The first option considered in implementing that feature was the UML2 Tools project, part of the Eclipse.org Model Development Tools project. UML2 Tools supports viewing and editing most of UML diagram types, and works seamlessly with models created using UML2 and EMF, which the TextUML Toolkit already uses, and that is great. However, it also requires GEF and GMF, what is bad because it significantly increases the download size for the TextUML Tookit (currently at 31MB), already high for the value it currently provides. Also, from some initial experimentation, it seems to be very computation and/or memory intensive. Because of that, it was decided a more lightweight alternative should be found, even more so if you consider interactivity and support for diagrams other than the class diagram are very low on our list.

Enter Graphviz and UMLGraph

Graphviz is an awesome tool for graph visualization. Graphviz takes simple text files (in the dot notation) describing the graph structure and produces great looking diagrams.

However, Graphviz is very generic, and does not know anything about the UML notation. That is when UMLGraph comes into play. UMLGraph produces dot files that generate OMG compliant UML diagrams (like the ones showing here).

So the direction is to adopt Graphviz and UMLGraph into a lightweight, non-interactive graphical viewer for UML class diagrams. We don’t dismiss having a more powerful graphical viewer (and editor) in the future, probably based on the UML2 Tools project, but the focus now is on simplicity.

There are two difficulties into adopting Graphviz and UMLGraph though:

  1. Graphviz is a native standalone tool, not a Java API
  2. UMLGraph, as a Java doclet, supports only one input representation: Java source with Javadoc comments

Turns out the first obstacle can be easily overcome by wrapping the Graphviz binaries into platform-specific fragments and providing a simple Java API on top of it.
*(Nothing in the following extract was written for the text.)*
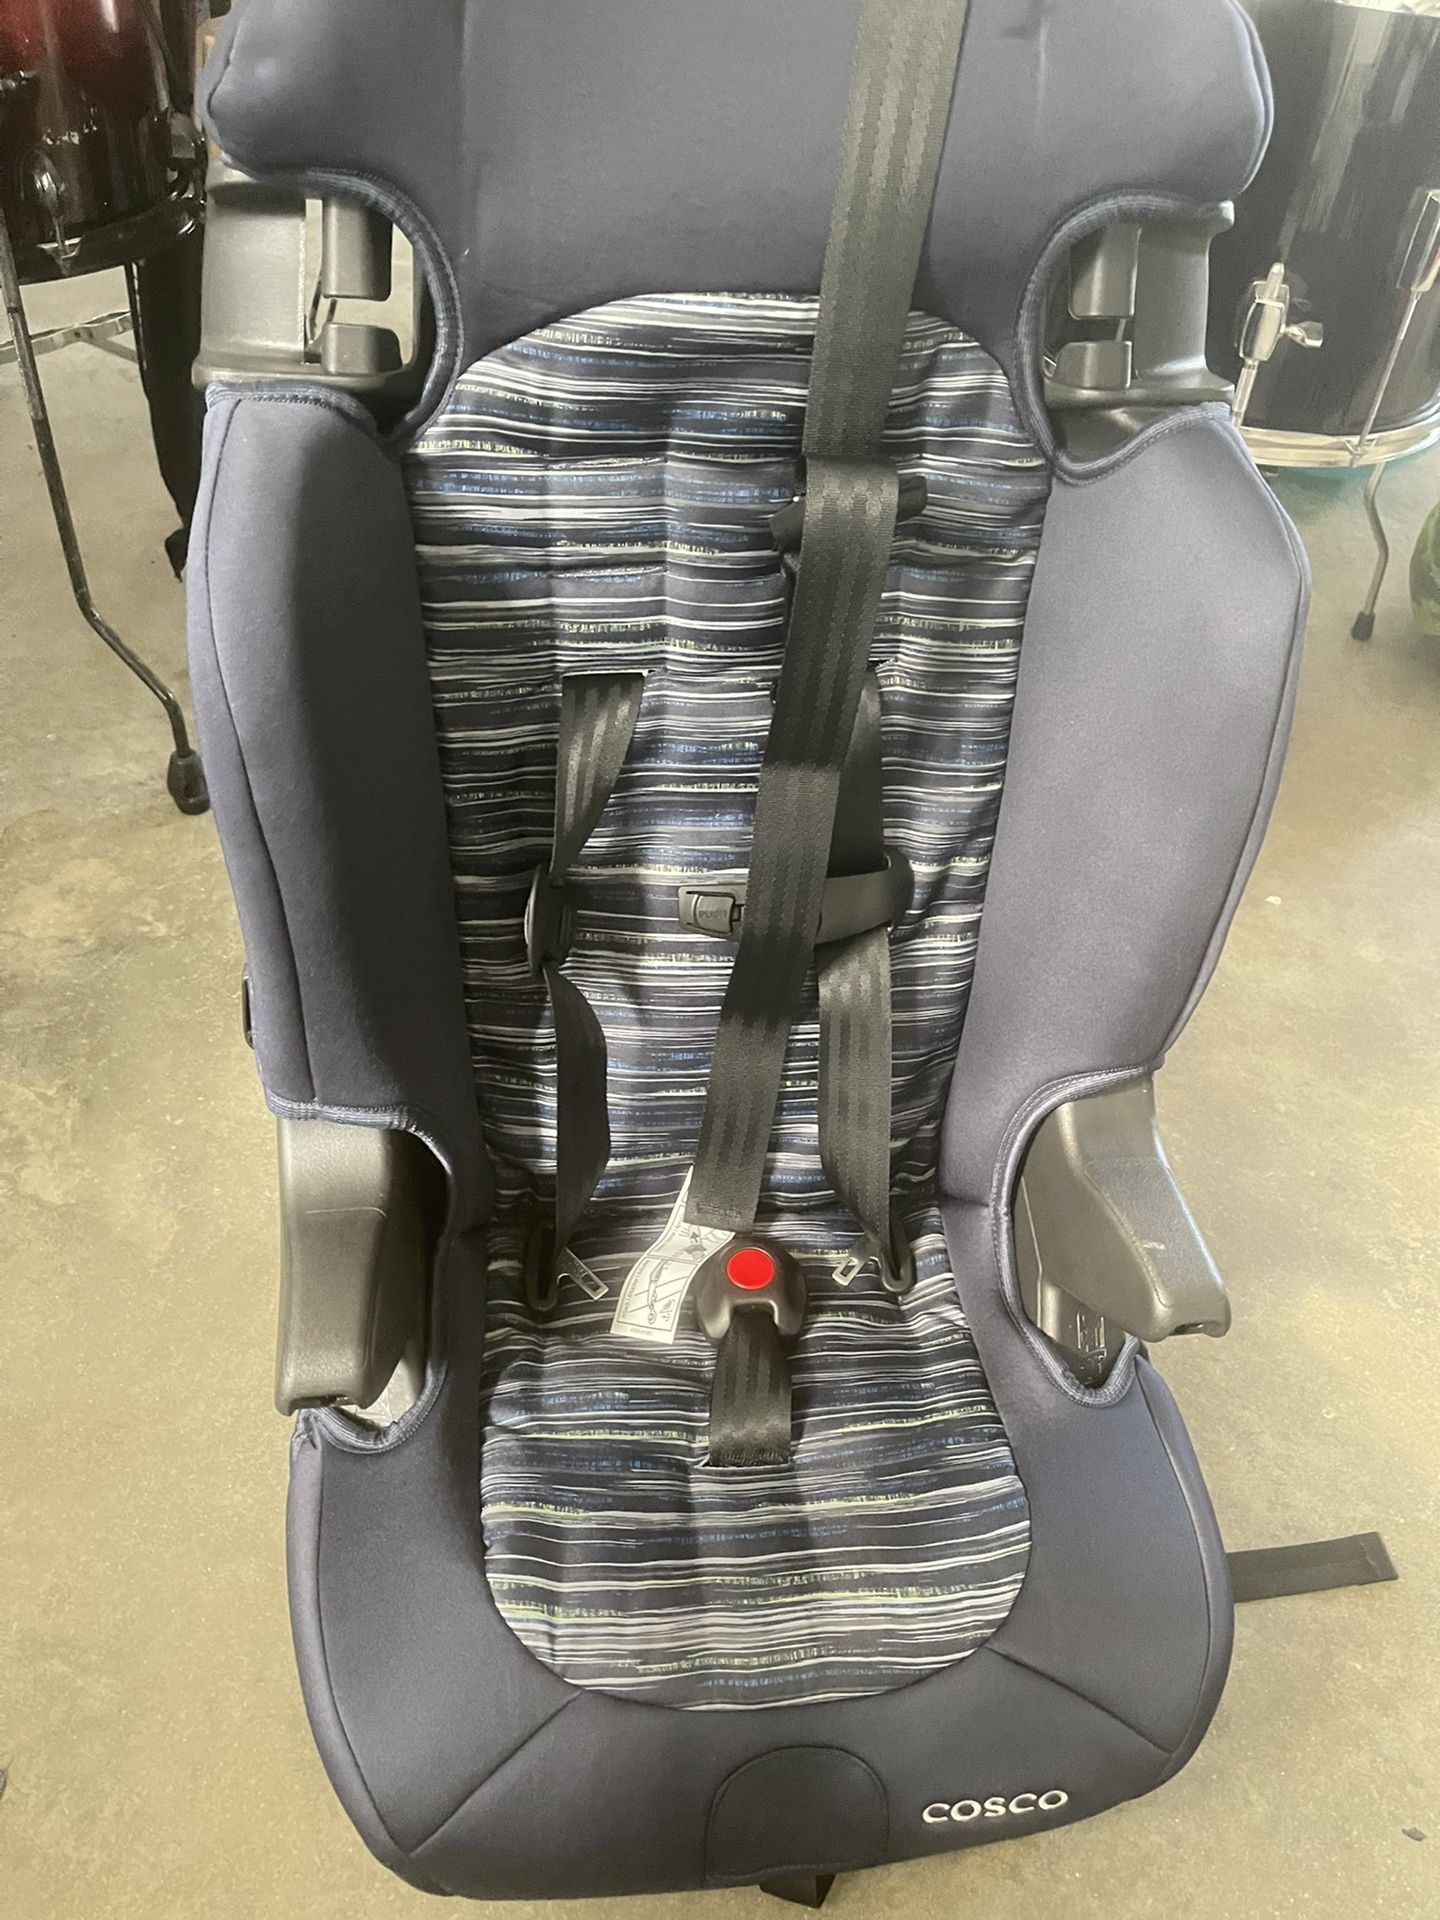 2 N 1 Car Seat Can Be Converted To A Booster Seat

The second obstacle is a bit trickier though. UMLGraph ties the usage of the doclet API into the generation of output in dot form. Breaking that coupling requires a non-trivial refactoring effort. I have been talking to UMLGraph author Diomidis Spinellis and he is keen on the decoupling, and that is the route we are going to take.

Would you like to see what it looks like? Make sure to check out the M2 milestone coming out in mid-June.

RC

May 3, 2007

TextUML Toolkit as a single download

Filed under: TextUML Toolkit — rafael.chaves @ 9:53 am

It has been suggested that it is often the case that non-Java developers are not familiar with Eclipse-based products. Thus, we have made available to Windows users a single-click download option containing only the essential plug-ins from the basic Eclipse platform, EMF and UML2, plus the TextUML Toolkit itself. Check out the download page.

Users will still have to make sure they have Java 5 or later installed. The ZIP file has 31MB, so if you are familiar with Eclipse, we appreciate if you get the platform, EMF and UML2 from Eclipse.org to keep our hosting costs under control.

Thanks for the feedback, and keep the suggestions coming!

 RC

May 2, 2007

A website and the first release!

Filed under: TextUML Toolkit, UML — rafael.chaves @ 12:28 am

There hasn’t been a post here for a while, but there is a good reason for that: we are glad to announce that we now have an actual web site (go see for yourself) and have simultaneously made the first public release! TextUML Toolkit 1.0 M1 is the first milestone of the tool we have developed for creating UML models in a way that is more natural to hard-core developers. If you want to know more, go read the overview, download the tool and try out the tutorial.

After a long period of silence, I almost pity that I have somehow crammed too many great news on a single post…

RC

March 23, 2007

The road ahead of us

Filed under: TextUML Toolkit, editorial — rafael.chaves @ 3:47 pm

Thanks for checking us out. We are busy working hard on a tool that will bring software development productivity to a whole new level. At some point this summer, we will release a full fledged model-driven development tool, with support for model execution and complete code generation.

Before that, as a preview, we plan to release one of its components as a standalone product. It is a UML authoring tool that presents a hybrid textual/graphical notation. Our hunch is that even hardcore hackers will want to use it.